USC to hike tuition by 3.15%
Increase is smallest in10 years
06/16/2012 12:00 AM
06/15/2012 9:14 PM
Like other public colleges statewide, the University of South Carolina plans its smallest tuition hike in recent years for in-state students, the school said Friday.
Tuition for in-state students at USC Columbia will rise 3.15 percent next school year – the smallest hike since 1999 and an amount about the same as inflation last year. Students will pay $320 more for a total of $10,488 when mandatory fees for technology and student activities are included.

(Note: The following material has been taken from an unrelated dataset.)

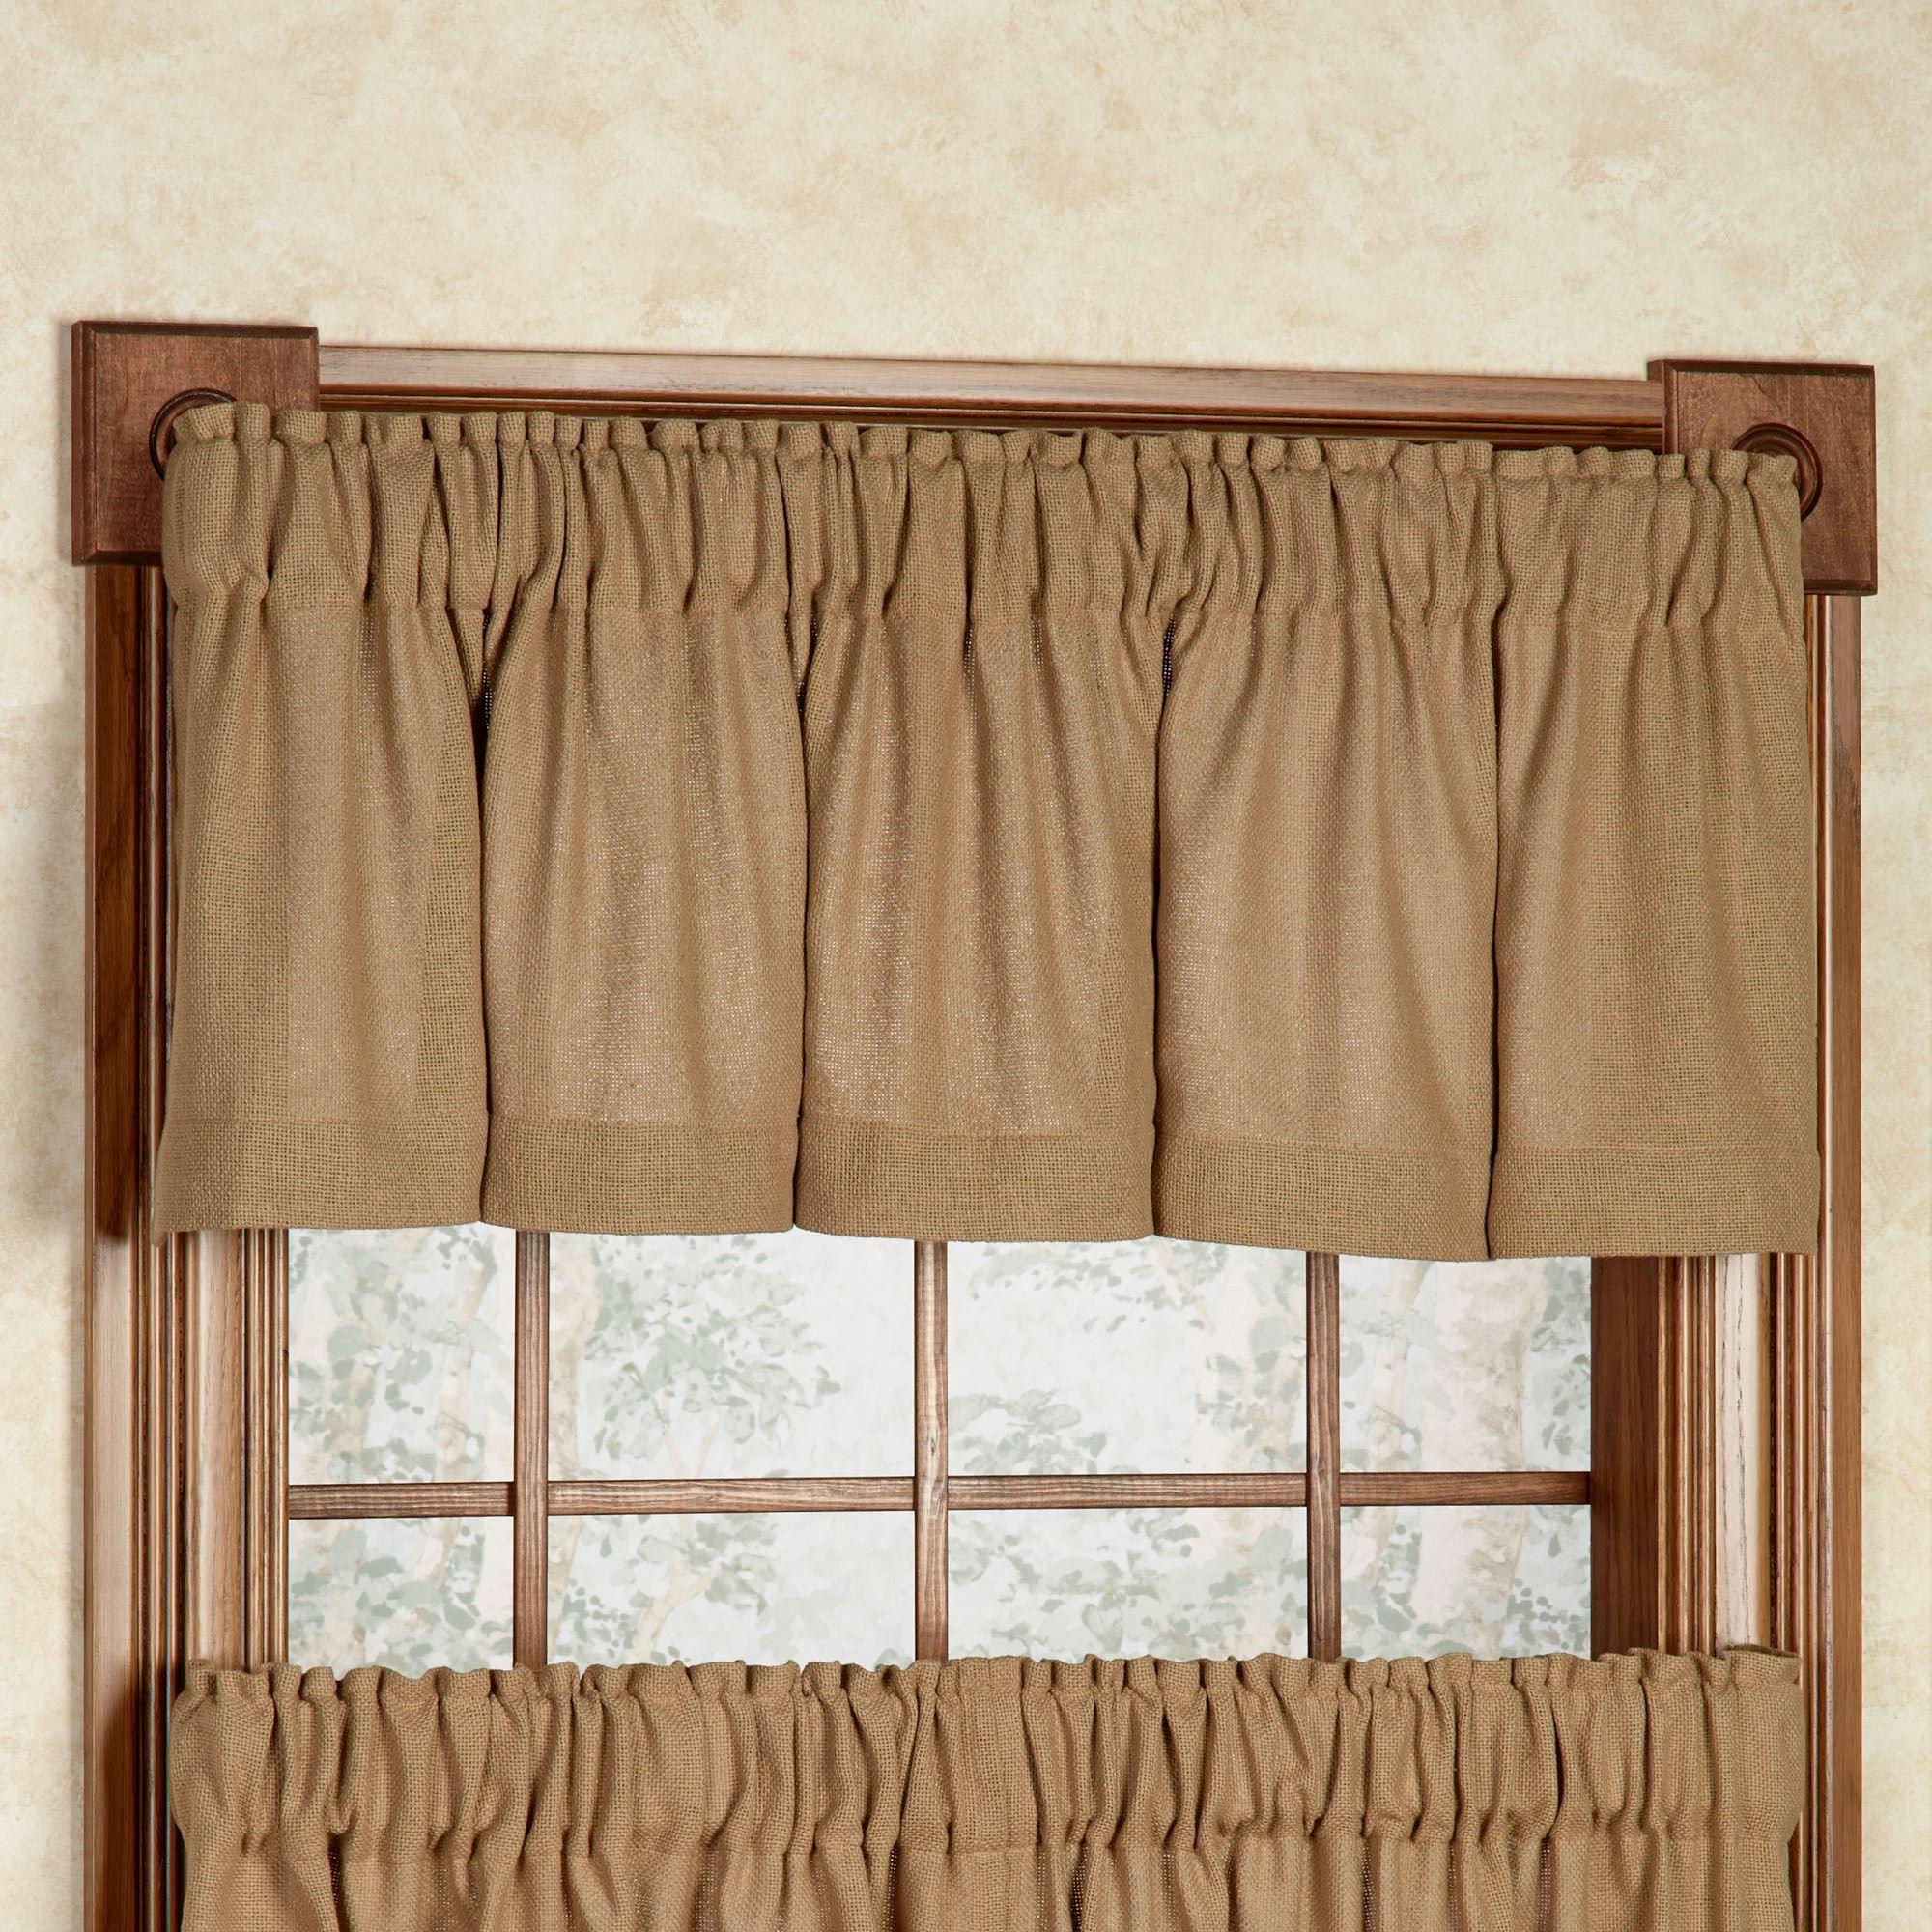 Burlap Soft Cotton Window Treatment
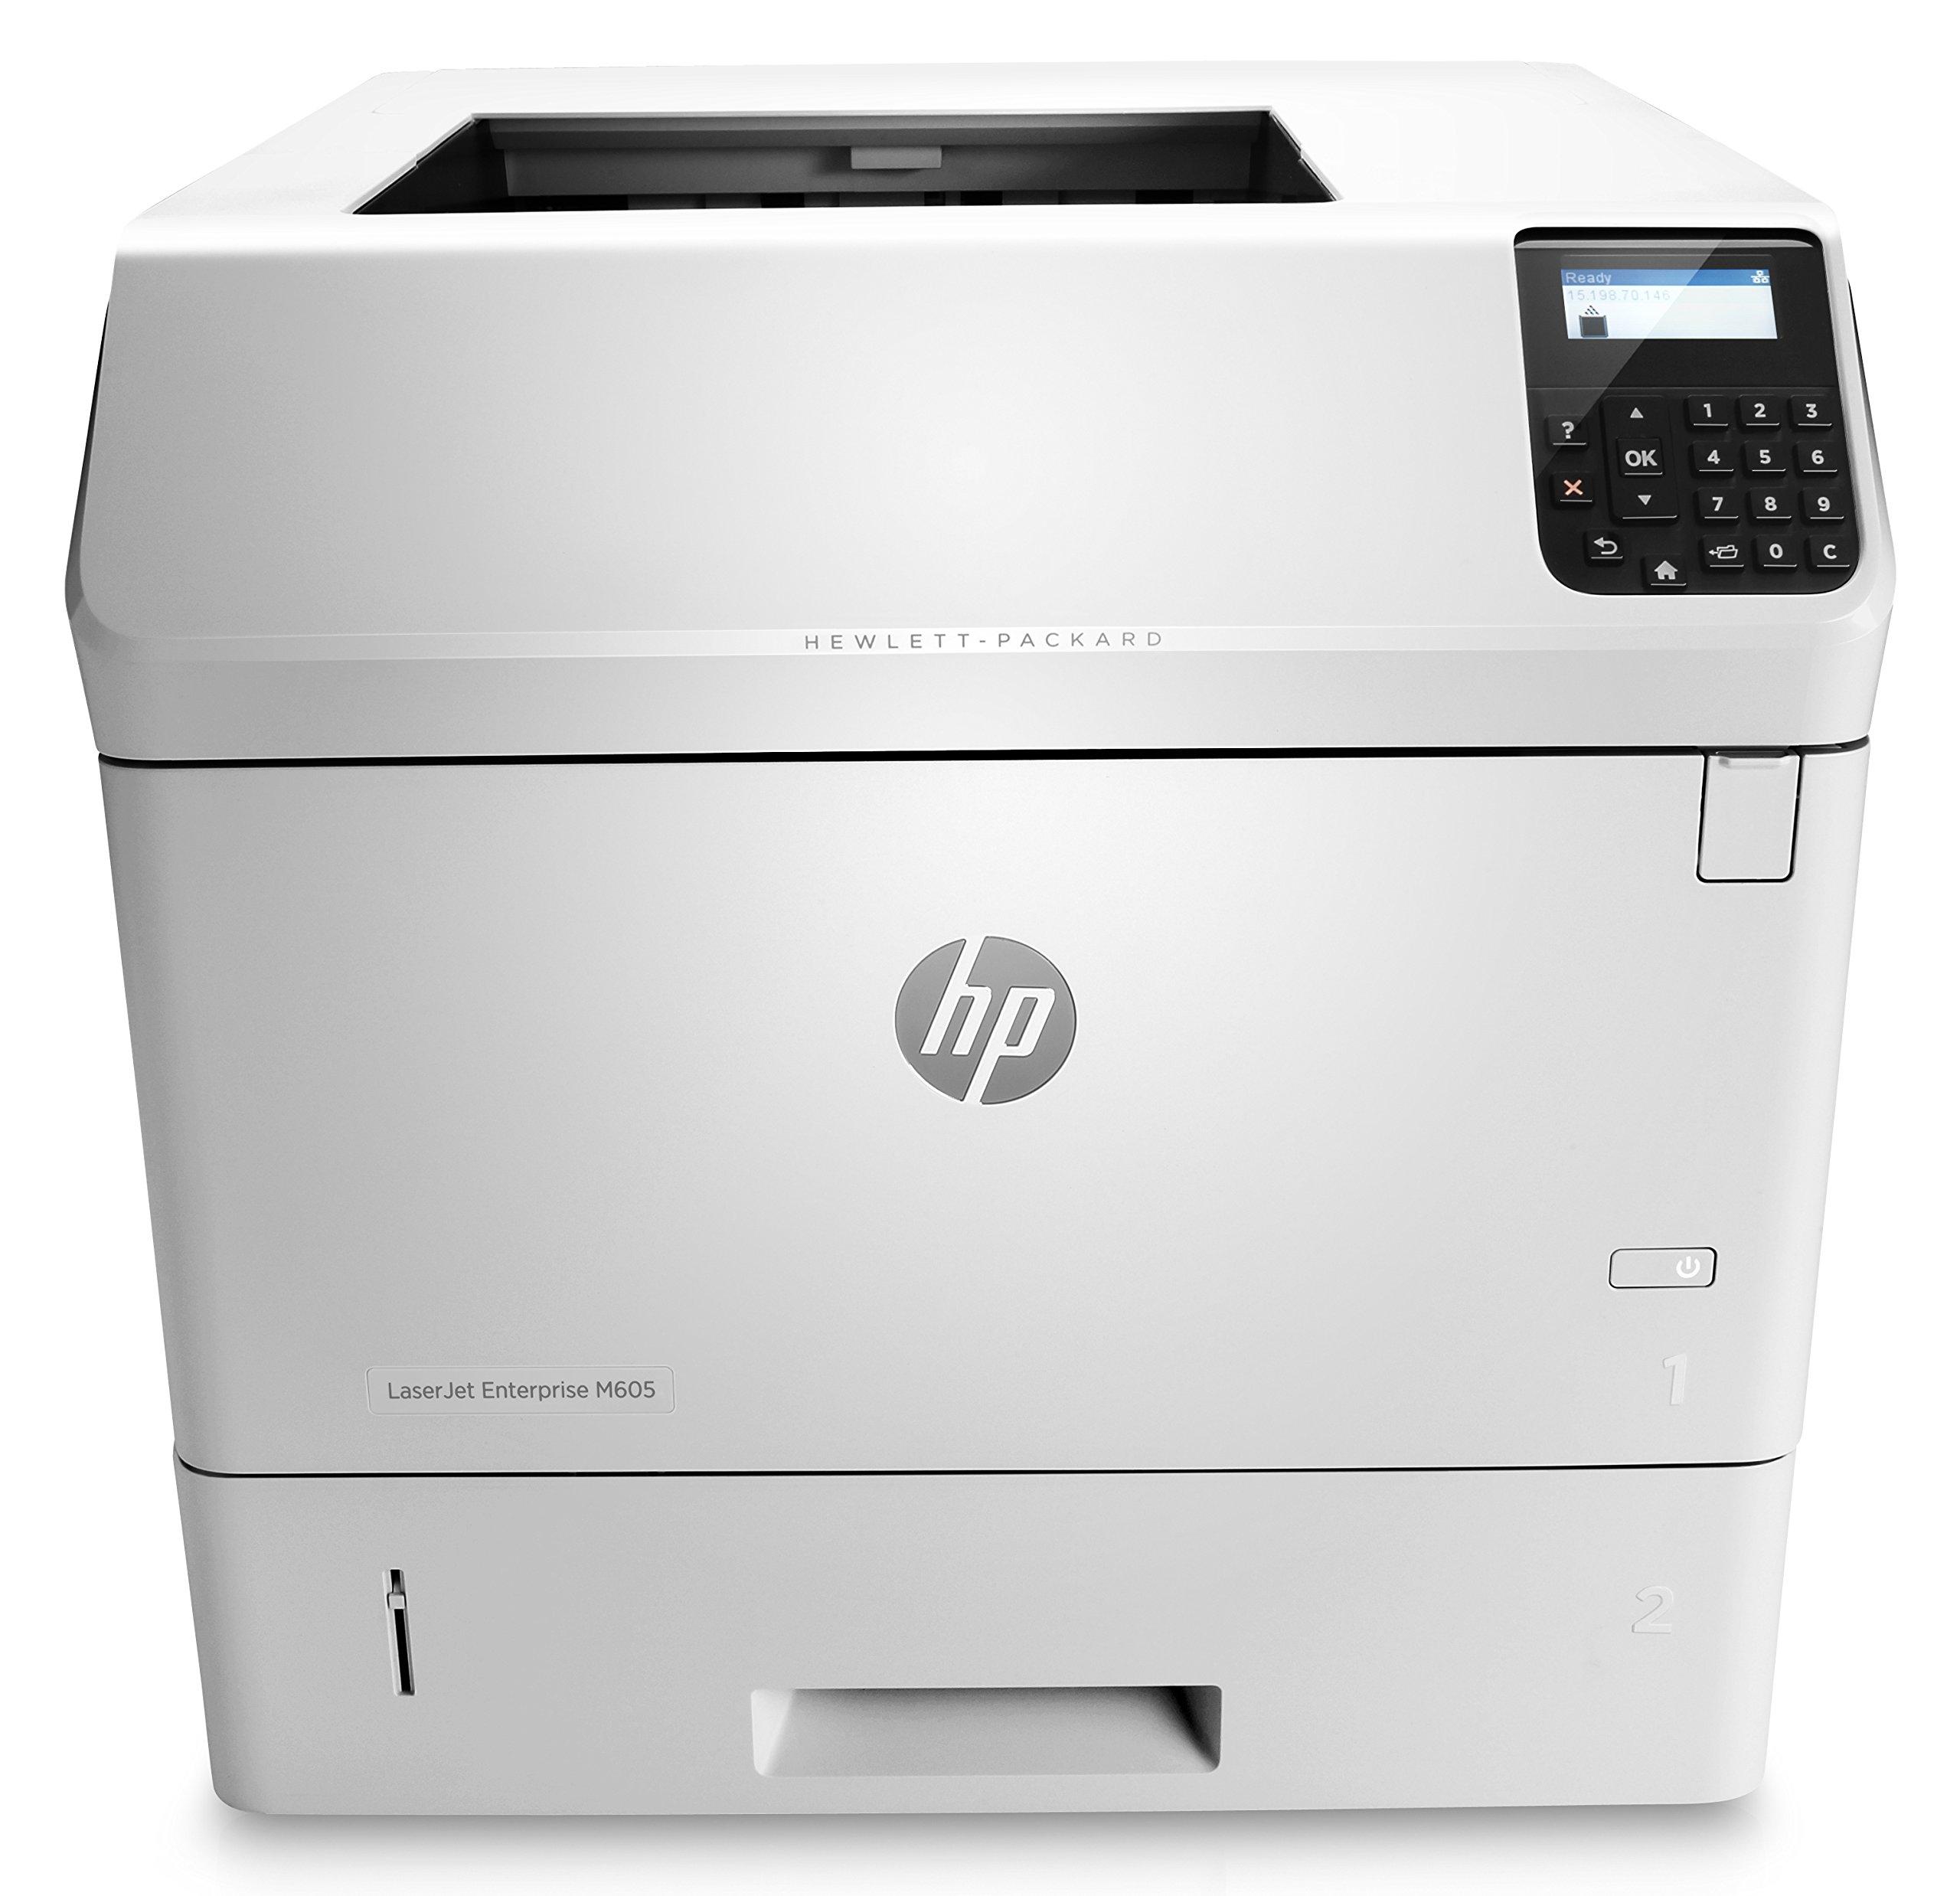 HP Monochrome LaserJet Enterprise M605n Printer w/ HP FutureSmart Firmware, (E6B69A) by HP

Out-of-state students will see a bigger tuition hike – 4.9 percent. They will pay $27,463 in 2012-13, up $1,291 from last year. The out-of-state increase was not a new low. Out-of-state students saw an increase of 3.9 percent a year ago.
This is the first time in recent memory that out-of-state students have been charged a different rate hike than in-state students, USC budget director Leslie Brunelli said.
The school decided put more of a burden on out-of-state students to make up a $10.7 million budget gap due to higher employee salaries, and retirement and health insurance costs, USC president Harris Pastides said. Out-of-state students account for 12 percent of the student body on the Columbia campus.
“It’s a trade-off,” Pastides said. “We wanted to demonstrate that we do get state support, and so we’re going to be a little bit better to our in-state residents.”
Pastides said USC could hold off bigger tuition hikes if the General Assembly approves a performance-based funding plan that would give USC additional money because it meets state guidelines for fiscal responsibility and educating more South Carolinians.
“We are holding the dam. We can hold it this way this year,” Pastides said. “If next year there is some hope of real reform, we would love nothing more than to be able to have tuition increases this low or lower.”
Two other four-year USC campuses, Aiken and Upstate, also will have 3.15 percent hikes for in-state students.
But USC Beaufort students will see their tuition increase by 4.9 percent, or $200 for the year, because of lower state appropriations and lower pricing, Brunelli said. Beaufort’s annual tuition last year was $600 less than Aiken and $1,300 less than Upstate.
Over the past 10 years, USC’s tuition increases have ranged from 3.6 to 15 percent, according to S.C. Commission on Higher Education data. Tuition has more than doubled since 2002, when in-state students paid $5,024.
Most state schools – including Clemson, Winthrop and College of Charleston – have announced in-state tuition hikes of about 3 percent for next year. Those are decade lows, according to state data.
S.C. State and Coastal Carolina will not charge more for tuition for 2012-13. Coastal Carolina, however, is offering a one-time $100 credit for in-state students next year, which lowers tuition at the Conway school by 1 percent from 2011-12.
State taxpayer funding of USC Columbia has fallen to $90 million from $230 million since 2008. The school has brought in extra revenue by increasing the size of its incoming classes by more than 900 freshmen a year and hiking total enrollment by nearly 3,500 students.
USC has no plans to increase the freshman class past last year’s record of 4,636. But its enrollment will continue to grow as the larger freshmen classes move through the university.
The proposed tuition increases will become final when the full USC Board of Trustees meets on June 29. The board’s executive committee approved the tuition hike on Friday.